Mobile local search is an emerging search task, and there are many interesting research problems that are underexplored. Here we discuss a few of them.
5.3.1 Evaluation of Mobile Local Search
The process of acquiring relevance judgments to evaluate mobile local search is a challenging problem. First, the Cranfield-style evaluation that has been used in the evaluation of many traditional information retrieval and search tasks  would not work here, since the relevance judgments in mobile local search are particularly dependent on the search context, e.g., location of the user [209,248]. Second, asking users to make explicit relevance judgments can be very costly because it is necessary to cover a diverse set of queries in different contexts. Third, although Joachims et al. have developed methods for extracting relative relevance judgments from user clickthrough data in general Web searches , it is unclear whether these methods also work for mobile local search where the position bias of clickthrough and the interpretation of clickthrough could be different from general Web search. For example, Ghose et al.  have shown that search results that appear at top positions are more likely to be clicked in mobile searches than in Web searches.

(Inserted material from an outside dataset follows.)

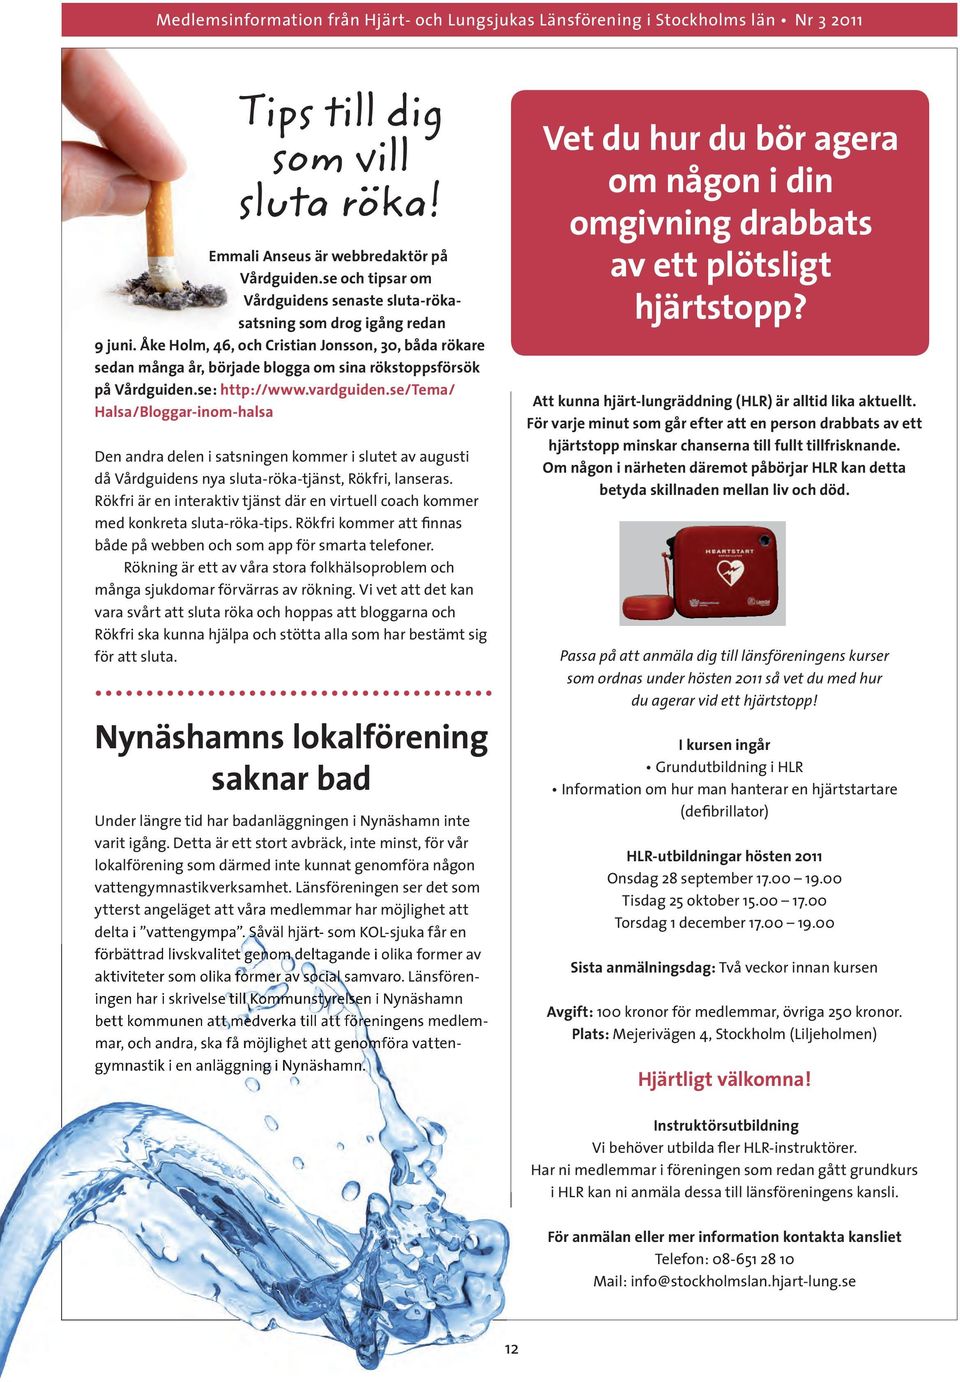 se/tema/ Halsa/Bloggar-inom-halsa Den andra delen i satsningen kommer i slutet av augusti då Vårdguidens nya sluta-röka-tjänst, Rökfri, lanseras.

In addition, a recent work  reports that mobile searches are often not to satisfy a specific information need but rather to kill time (e.g., waiting for the bus) or to satisfy curiosity. In such “casual” search scenarios, finding the relevant answer to a given query and ranking that answer as high as possible may not be the main goals . This suggests that the measure of success of a casual search process should intuitively also be based on how users enjoy the search process, posing another challenge in the evaluation of mobile local search. These challenges make the evaluation of mobile local search still an open problem.
5.3.2 User Modeling and Personalized Search
Mobile local search is more “actionable” in the sense that mobile users often take an action (e.g., visiting a restaurant) as soon as they finish a local search session. Therefore, understanding the user’s personal preference is particularly important in terms of successfully answering a mobile local query. However, mobile local search logs are often seriously sparse because clickthrough is geographically distributed across locations, as we discussed in Section 5.2. On the other hand, users often bring their mobile devices wherever they visit, so mobile devices are capable of knowing more about a user than traditional PCs. This provides opportunities to go beyond search logs and build better user models for mobile local search based on rich user activities, but meanwhile it raises an interesting challenge: how to best utilize and integrate all the available information to build an optimal user model?
3 Although there are also navigational queries aiming at finding a specific business such as “Pizza Hut,” they are easily identified and processed and thus not considered in our work.